Towards Distribution-Shift Uncertainty Estimation for Inverse Problems with Generative Priors

TL;DR

The paper tackles the problem of distribution-shift-induced hallucinations when using generative priors for severely undersampled inverse problems. It introduces an instance-level, calibration-free uncertainty indicator that relies on reconstruction stability across random measurement subsets to detect out-of-distribution targets, demonstrated with a learned proximal network trained on digit '0' evaluated on all MNIST digits in sparse-view CT. The key contributions are the proposed OOD indicator, its efficient computation without external calibration data, and empirical validation showing higher reconstruction variance for out-of-distribution images correlating with larger errors. This approach enables a practical deployment strategy where aggressive measurement reduction can be used for in-distribution cases while automatically warning practitioners when priors encounter distribution shift, guiding additional measurements or method switching.

Abstract

Generative models have shown strong potential as data-driven priors for solving inverse problems such as reconstructing medical images from undersampled measurements. While these priors improve reconstruction quality with fewer measurements, they risk hallucinating features when test images lie outside the training distribution. Existing uncertainty quantification methods in this setting (i) require an in-distribution calibration dataset, which may not be available, (ii) provide heuristic rather than statistical estimates, or (iii) quantify uncertainty from model capacity or limited measurements rather than distribution shift. We propose an instance-level, calibration-free uncertainty indicator that is sensitive to distribution shift, requires no knowledge of the training distribution, and incurs no retraining cost. Our key hypothesis is that reconstructions of in-distribution images remain stable under random measurement variations, while reconstructions of out-of-distribution (OOD) images exhibit greater instability. We use this stability as a proxy for detecting distribution shift. Our proposed OOD indicator is efficiently computable for any computational imaging inverse problem; we demonstrate it on tomographic reconstruction of MNIST digits, where a learned proximal network trained only on digit "0" is evaluated on all ten digits. Reconstructions of OOD digits show higher variability and correspondingly higher reconstruction error, validating this indicator.
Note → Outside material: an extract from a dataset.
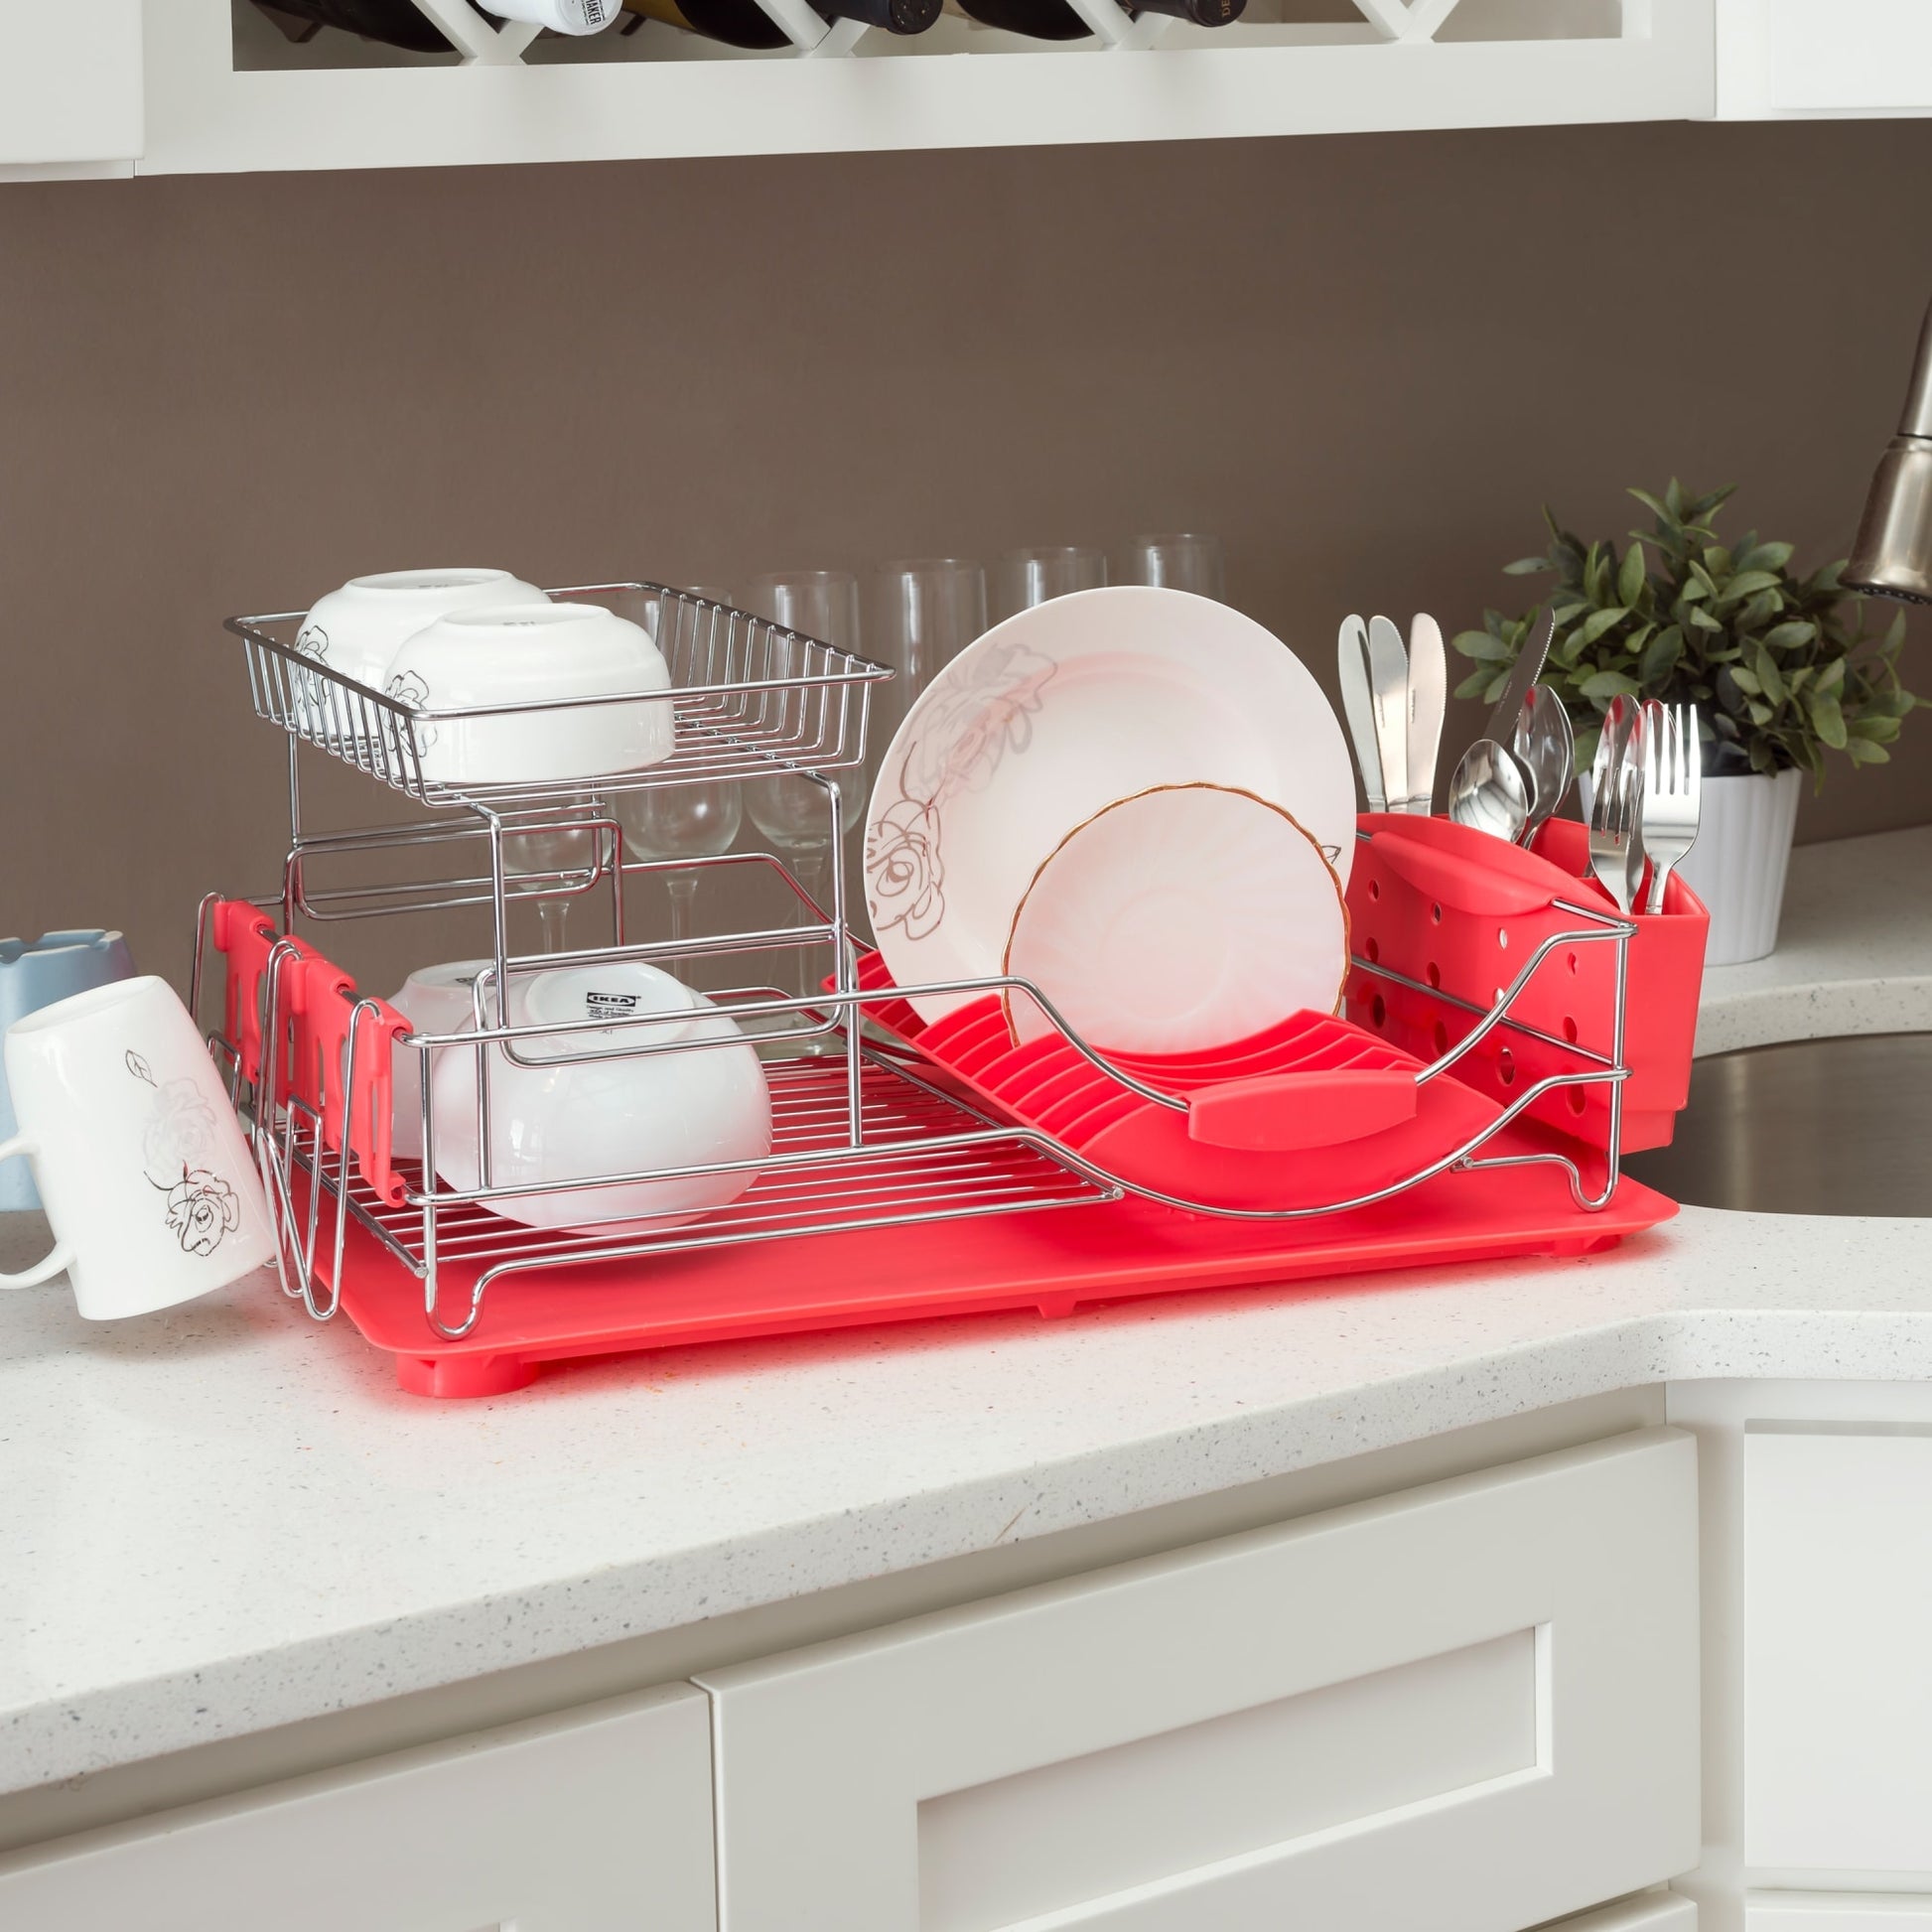 Home Basics 2 Tier Plastic Dish Drainer, White, KITCHEN ORGANIZATION

These results suggest a deployment strategy that pairs generative priors with lightweight guardrails, enabling aggressive measurement reduction for in-distribution cases while automatically warning when priors are applied out of distribution.

Figures (4)

• Figure 1: Our generative prior is trained on MNIST "0" and used for CT imaging on all digits, to test distribution shift detection.
• Figure 2: Per-digit mean PSNR and SSIM (averaged over 10 images with 10 random seeds per image) with error bars indicating the min–-max spread. Solid curves correspond to LPN reconstructions and dashed curves to the FBP baseline; LPN consistently outperforms FBP. The performance gap is largest for the in-distribution digit "0", whose PSNR/SSIM is higher than those of OOD digits when reconstruction leverages the LPN. This is especially pronounced in the 11-view experiment that is most undersampled and thus relies most heavily on the learned prior.
• Figure 3: Visualizing distribution shift detection on MNIST: (a) mean reconstructions, (b) pixel-wise standard deviation.
• Figure 4: Average pixel-wise standard deviation is lower for the in-distribution digit "0" than the OOD digits, confirming our hypothesis that reconstruction instability across random measurements can detect distribution shift.